> [WHAT IS BEING ASKED]
Without the images, write out the whole listing exactly.

> [INFORMATION SHOWN]
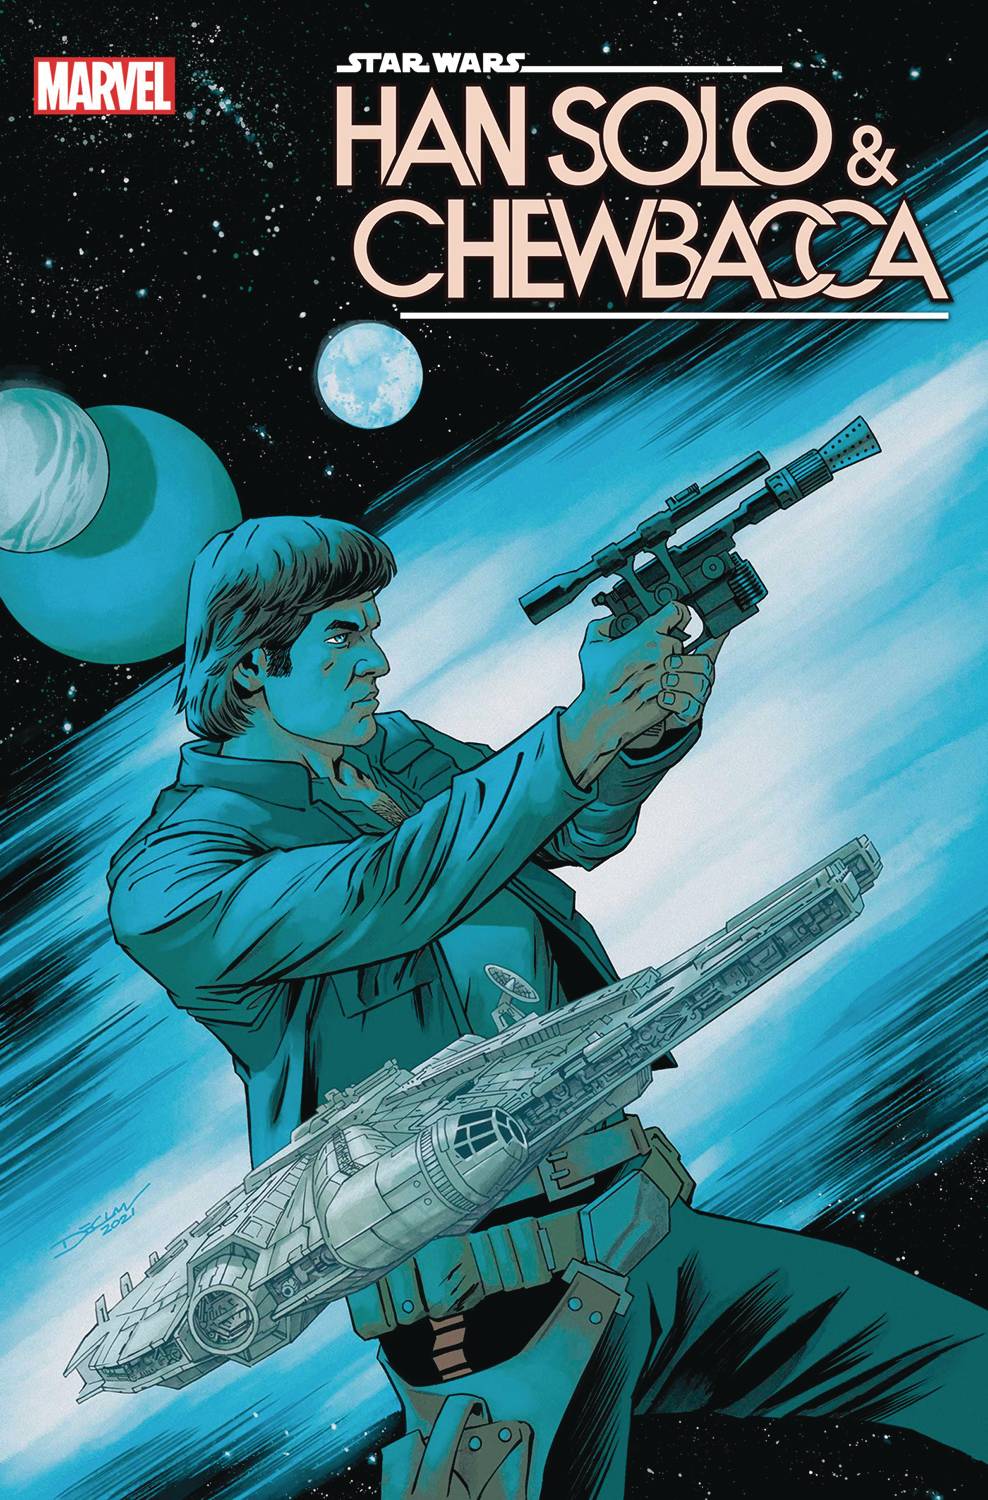 STAR WARS: HAN SOLO & CHEWBACCA #1 SHALVEY COVER - Third Eye
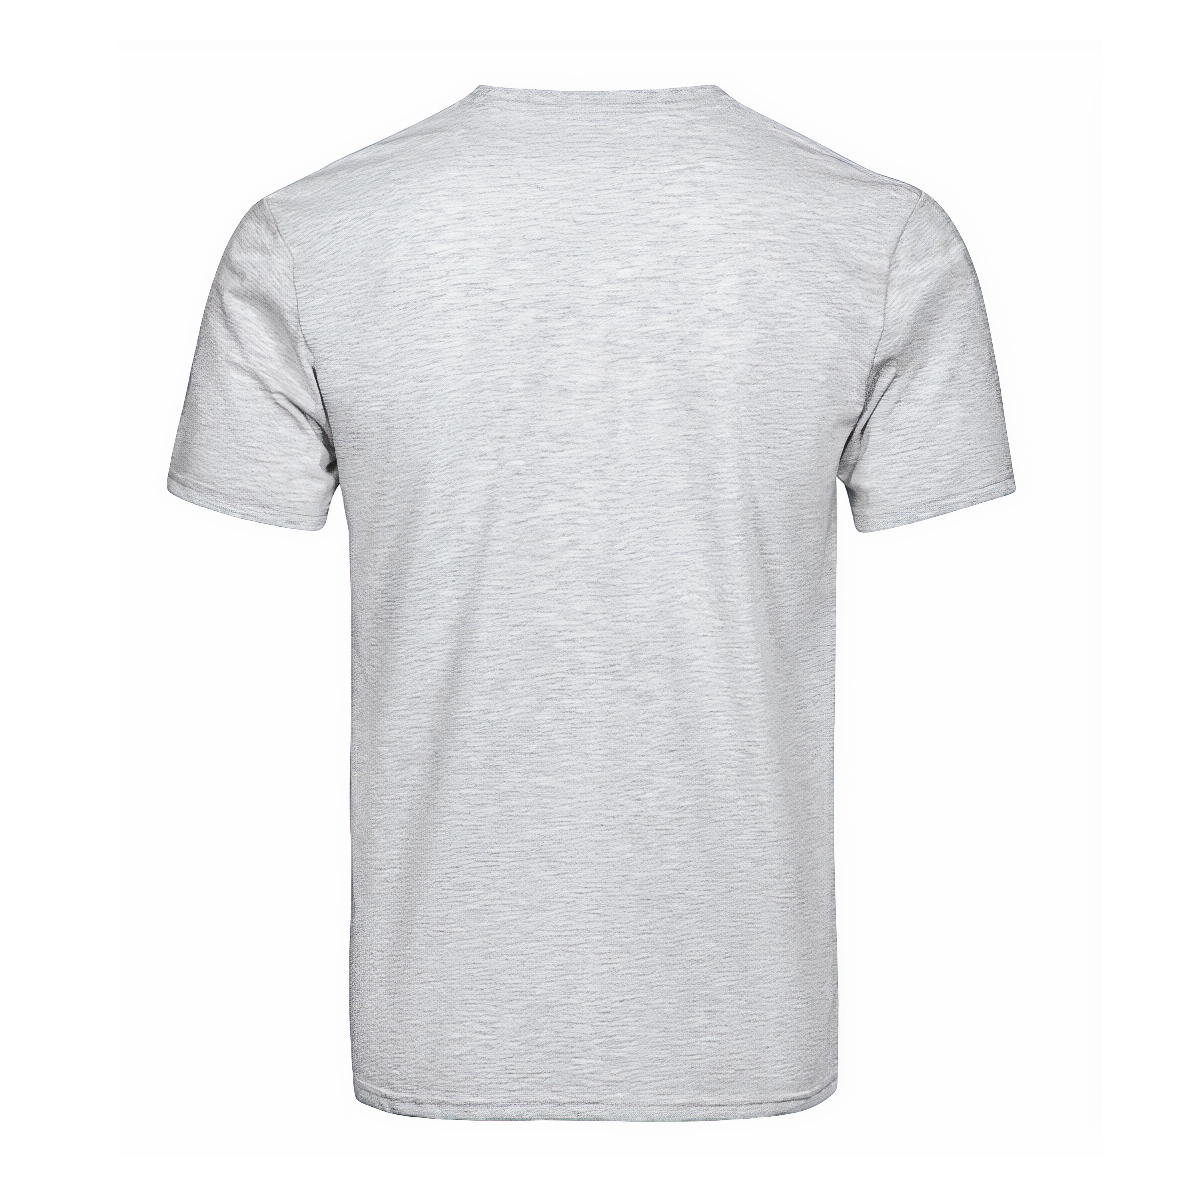 Thompson Tartan Crest T-shirt - I'm not yelling style
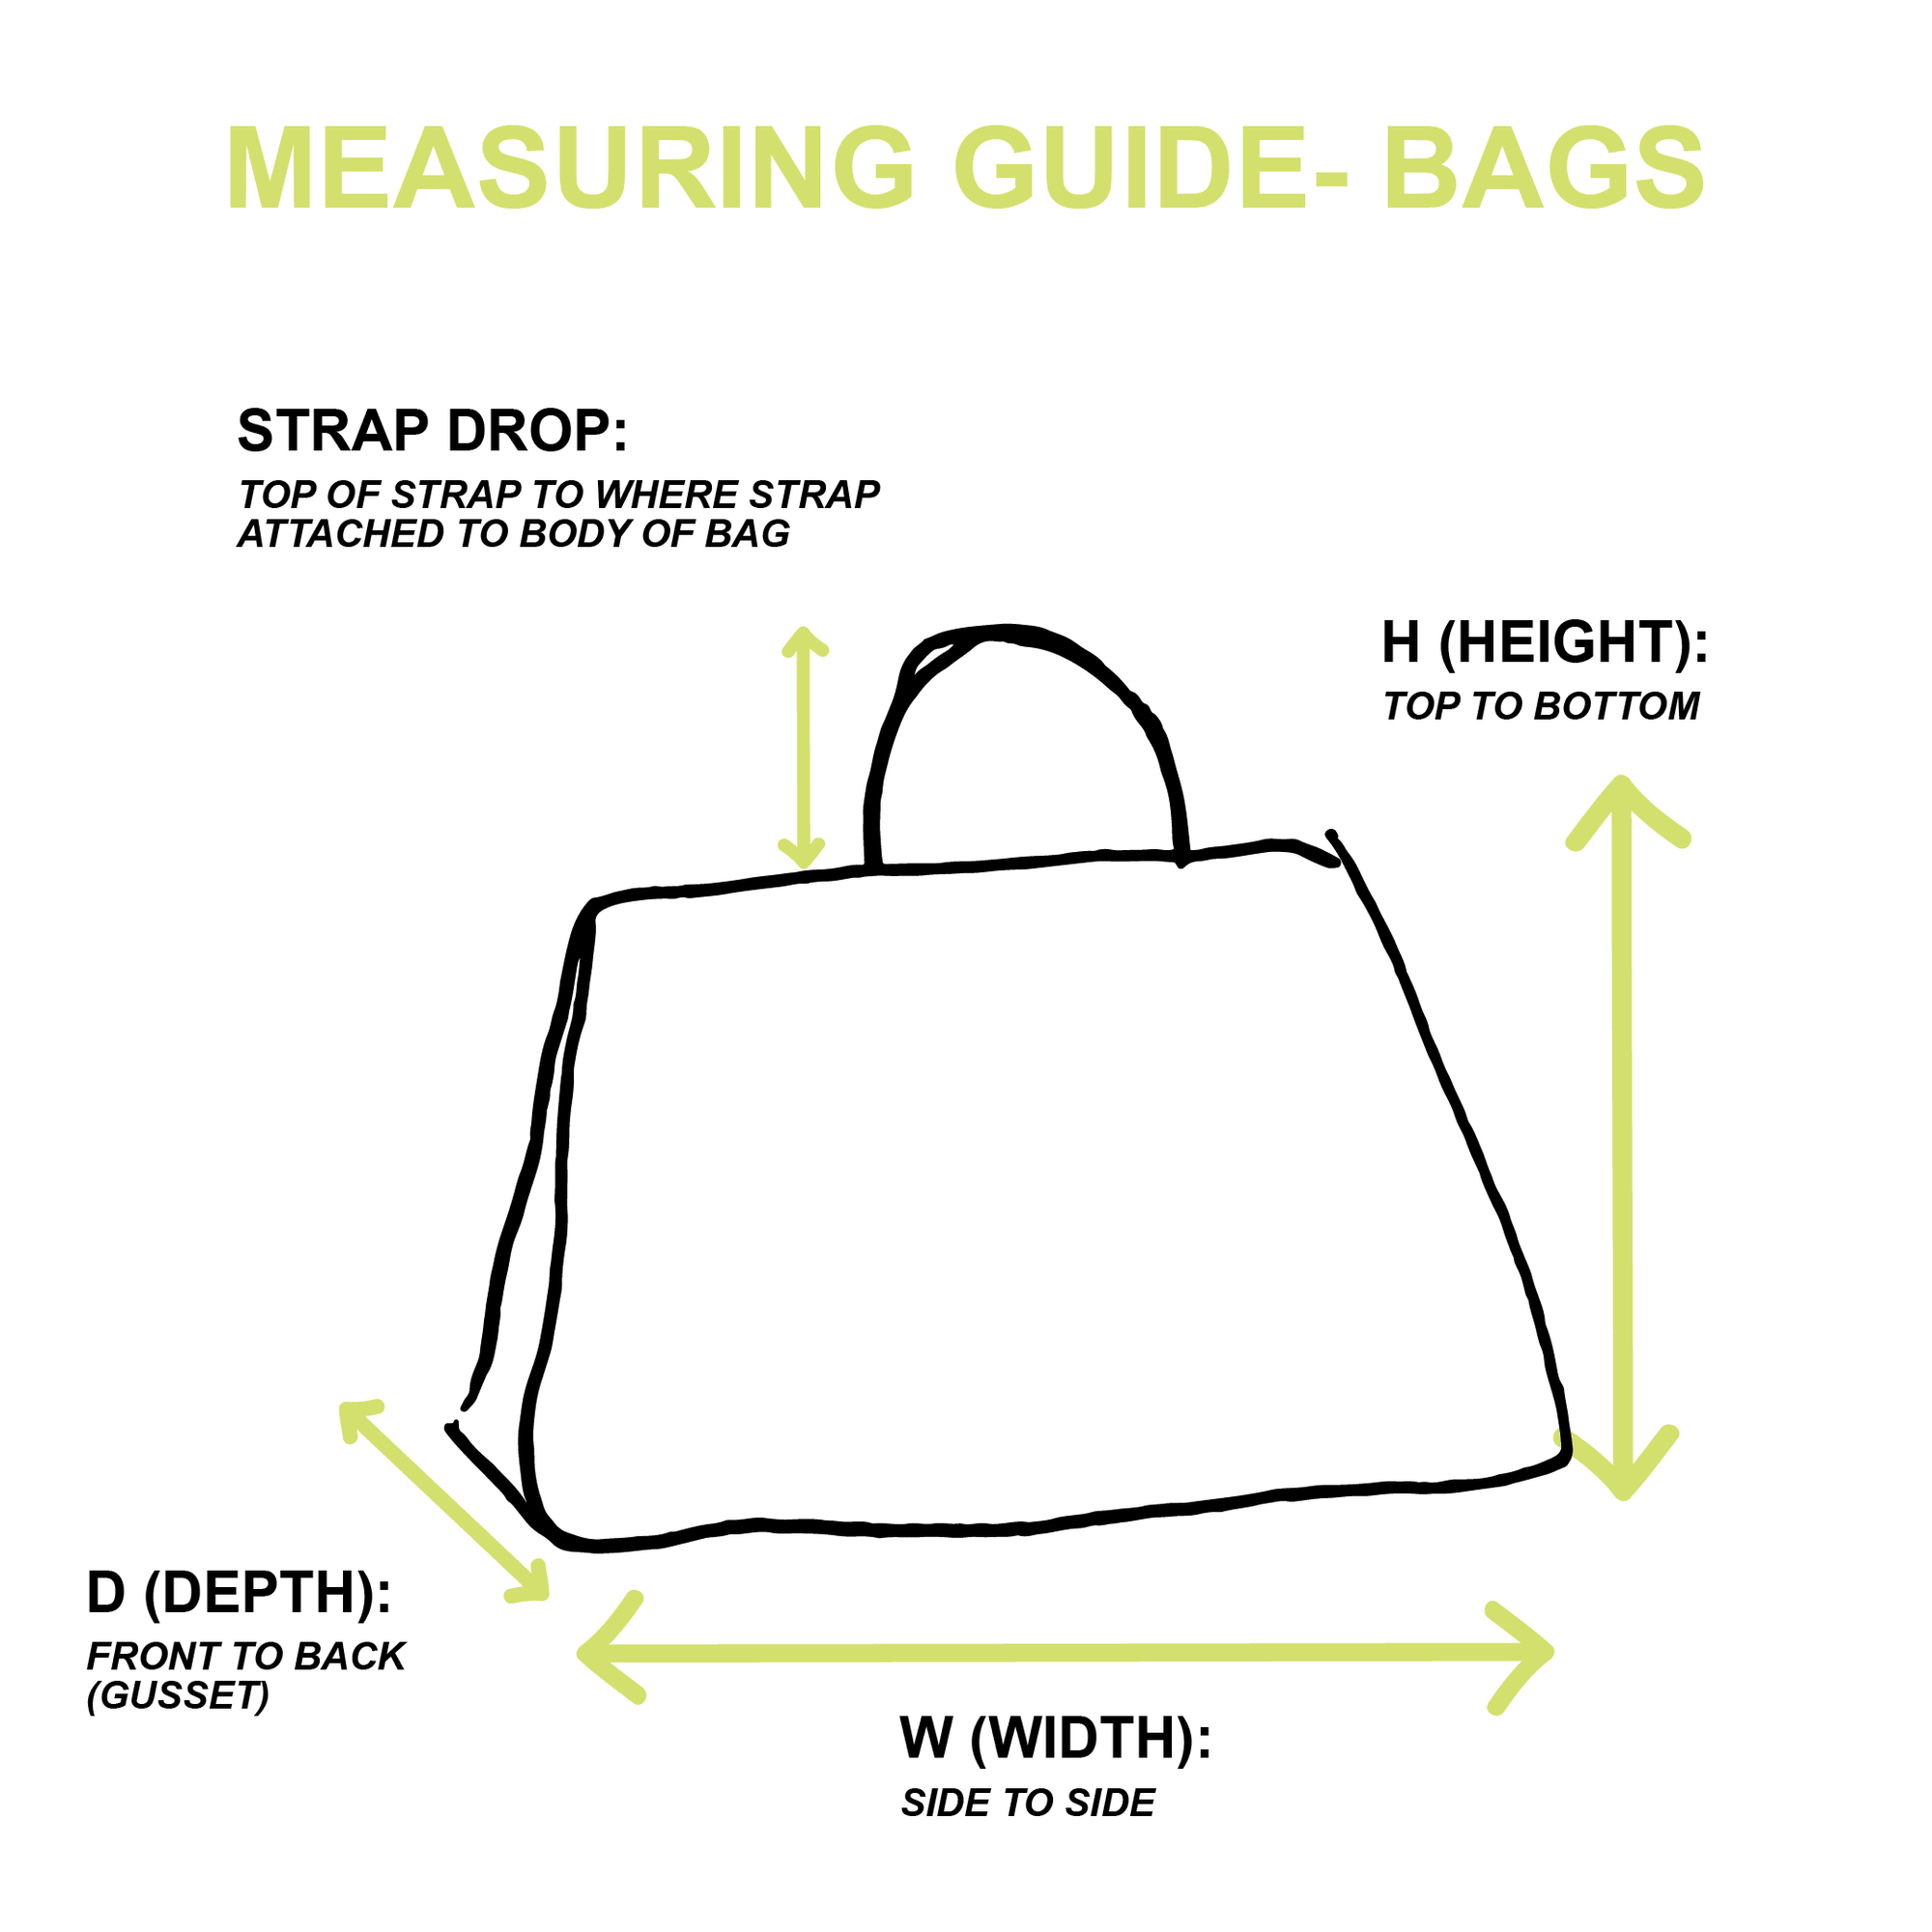 Louis Vuitton Brown Monogram Medium Cylinder Bag - Handbags

> [SOLUTION FOR THIS TASK]
 STAR WARS: HAN SOLO & CHEWBACCA #1 SHALVEY COVER - Third Eye
 Thompson Tartan Crest T-shirt - I'm not yelling style
 Louis Vuitton Brown Monogram Medium Cylinder Bag - Handbags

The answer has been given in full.